The optimal surface is a single voxel wide surface dividing the lung, while our final objective is to generate a labeled volume with separate labels for the upper and lower lobes. We use a fast breadth-first region growing technique as proposed by Silvela et al. [21] to grow and label the upper and lower lobar regions. Then the labels are rotated back to the original orientation using nearest neighbor interpolation.
Figures 9(c,f) show the results from the optimal surface graph search, based on the ROIs defined by the watershed segmentation results shown in Figures 9(b,e).
Fig. 6.

Fissure ROI for left oblique fissure.
Fig. 8.

Sagittal plane from bounding box showing (a) Rotated ROI, (b) Ridgeness map.
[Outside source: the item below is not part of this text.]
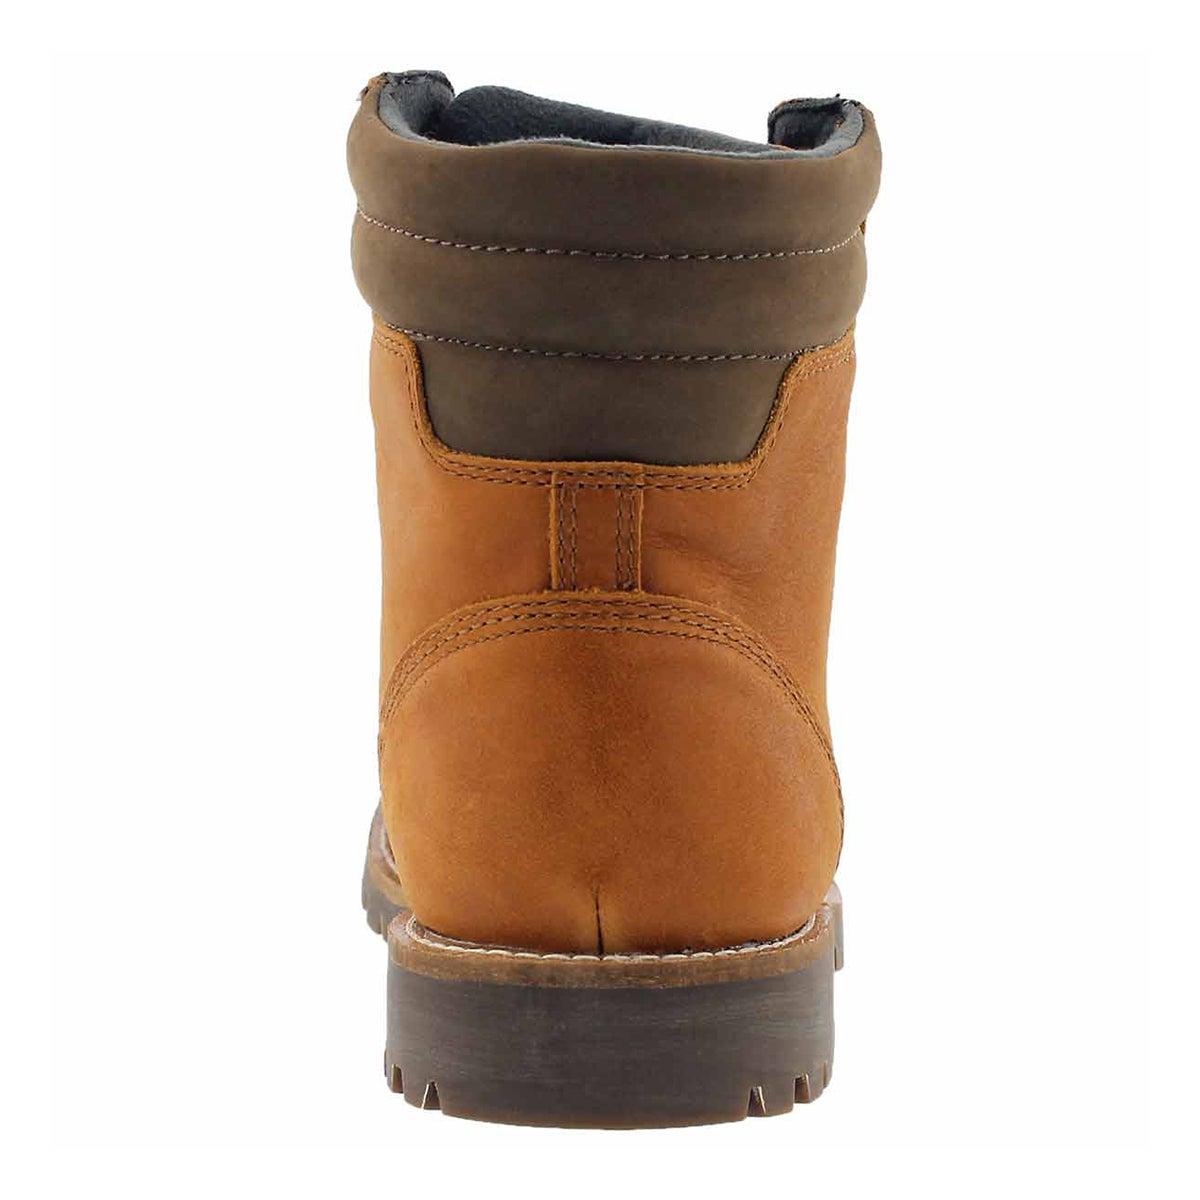 Mns Magog wtpf caramel ankle boot

D. Algorithm: Horizontal fissure refinement
After performing the segmentation and refinement for the right oblique fissure, the right lung is divided into two components: the right lower lobe and the combined right upper and middle lobes. To refine the segmentation of the horizontal fissure, we find the optimal surface Zopt = f(x, y), which divides the combined right upper plus right middle lobes into separate upper and middle lobes. The steps for finding the optimal surface corresponding to the horizontal fissure are similar to those for refining the oblique fissures. For most cases the angle that the horizontal fissure makes with the X – Y plane is small, and hence the Z dimension of the ROI bounding box is small enough so that a reasonable runtime is possible without rotation. We do, however, perform resampling to make the voxels isotropic. For the horizontal fissure we calculate the ridgeness measure on sagittal (Y – Z) slices of the image data because the ridge-like nature of the horizontal fissure is most evident on sagittal slices (see Figure 1(a)).
Figure 9(f) shows the segmented middle lobe resulting from the optimal surface graph-search for the horizontal fissure. This result is based on the ROI defined by the watershed segmentation result shown in Figure 9(e).
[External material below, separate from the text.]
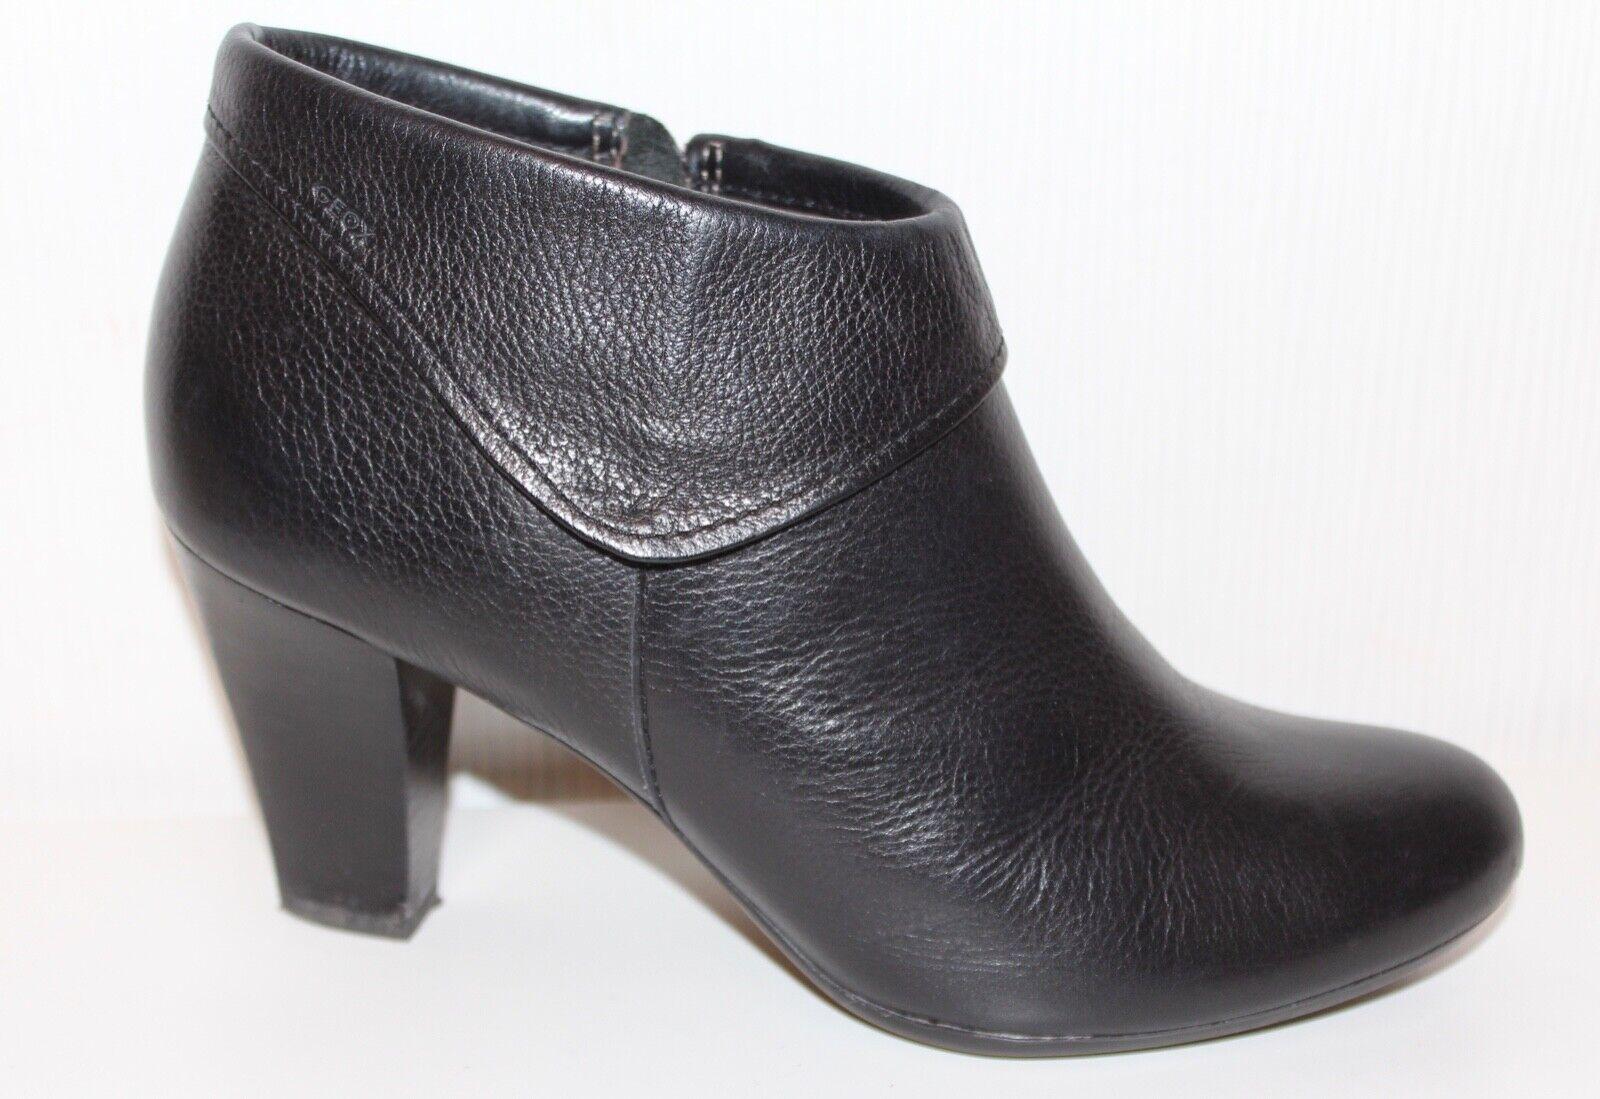 GEOX LEDER STIEFELETTEN High HEEL Ankle Chelsea Pistol Stiefel 38 StiefelIES STIEFEL

IV. Methods -Incomplete fissure detection and fissure smoothing
A. Introduction
As mentioned in the introduction, there is interest in detecting and measuring incomplete fissures. Figure 1(c) shows a case with an apparent incomplete fissure. In this example, the fissure appears to be missing at some locations in the image, either due to the anatomic structure of the lobes or because of limitations in the imaging system. Our observations have been that incomplete fissures always occur on the mediastinal side of the fissure. The incompleteness of the fissure is accompanied by a fusion of the lung parenchyma from the adjacent lobes. As pointed out by Hayashi et al. [9], studies differ as to the how often the fissure is incomplete. Our own experience has been that in about 30-40% of the cases the major fissures appear incomplete, with an increased prevalence for incompleteness in the right oblique fissure compared to the left oblique fissure. We detect incomplete fissures by finding the subset of the optimal surface that is most likely to correspond to the true fissure.
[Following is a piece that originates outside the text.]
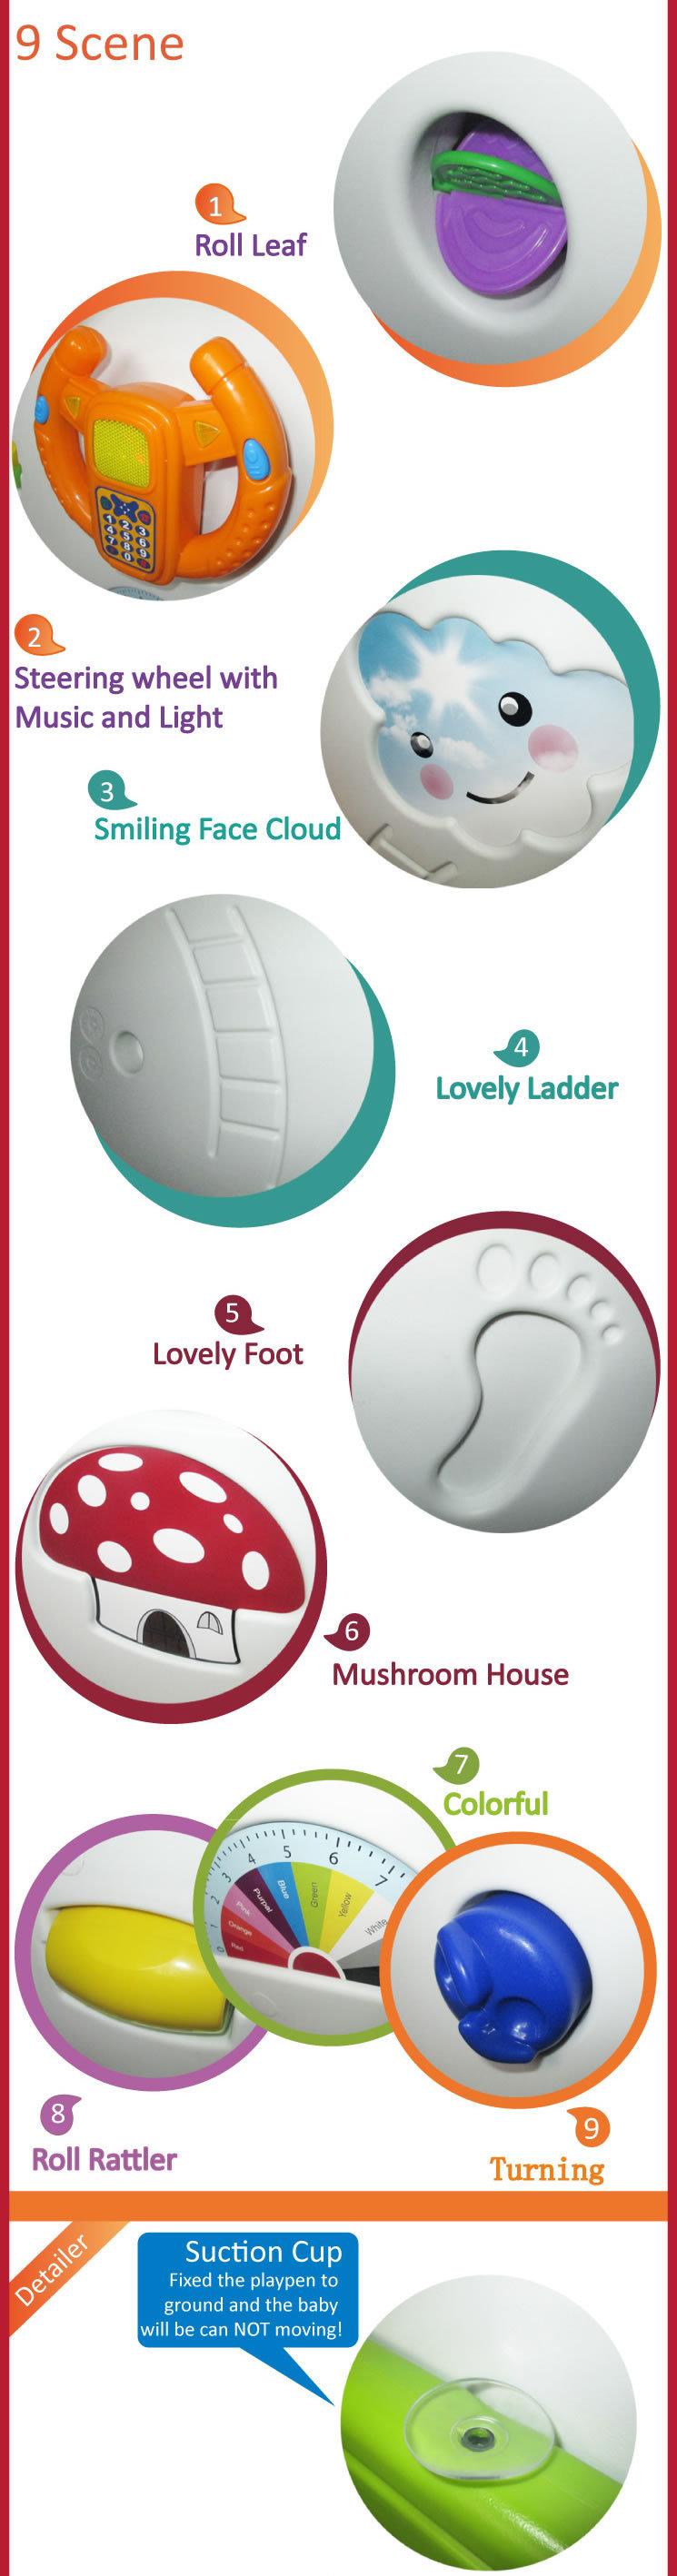 2020 New Design Saftey Game Playpen Kids Plastic Playpen Fence luxury baby playpen

B. Algorithm: Incomplete fissure detection
The basis of the incomplete detection method is the oblique fissure refinement method described in the previous sections.
We have observed that incomplete oblique fissures are incomplete towards the medial side of the lungs and exhibit good fissure-parenchyma contrast towards the outer border of the lung. This is evident in Figure 1(c). Therefore, the fissure should form a sheet of points of high ridgeness that is attached to the outer border of the lungs. Further, we have observed that eigenvectors in the neighborhood of a good contrast fissure are all oriented in similar directions, which is a direct result of the smoothness of the fissure. Therefore, the visible fissures are homogeneous with respect to two properties: the ridgeness value and the orientation of the eigenvectors. The homogeneity of the eigenvector orientation implicitly takes care of the smoothness of the detected fissure.
As described earlier, the oblique fissures are detected as the optimal surface Yopt = f(x, z). This formulation allows a one-to-one projection of the optimal surface voxels onto the X–Z plane. A number of image properties associated with the optimal surface can be projected in this manner. Figures 10(a) shows the graph search cost function values projected from the optimal surface onto the X – Z plane. The figure shows one large homogeneous dark region (low cost, high ridgeness) corresponding to the visible fissure segments, and a bright noisy region in the upper right corner of the cost projection image representing a region of where the fissure refinement is unreliable, corresponding to the incomplete part of the fissure. Hence, the incomplete fissure detection problem in 3-D can be posed as the 2-D segmentation of the homogeneous dark region in the cost function image.
Fig. 10.

(a) Projection images corresponding to cost values, (b) Transverse slice from the same dataset showing incomplete right oblique fissure.
Since the homogeneity of the ridgeness and eigenvector orientations imply that the gradients for both of these values should be low along the fissure and high across the boundary, a front-propagation approach where the speed of propagation is inversely related to these gradients is suited to this segmentation task. Fast marching methods for front-propagation, first proposed by Sethian [22], are appealing because of their robustness to topological changes and their computational efficiency. In the context of incomplete-fissure detection, there are three main aspects to applying the fast marching approach:
Seed selection: A set of seeds within the visible fissure region must be selected. The front will propagate outwards from these seeds. To select seeds, we first threshold the cost function projection image and keep only the dark pixels. Next we extract the largest 8-connected region in the thresholded image; the actual, yet incomplete, fissure will be a subset of this region. Finally, we choose pixels near the outer lung border that belong to this thresholded component to form the set of seeds (see Figure 11(a)).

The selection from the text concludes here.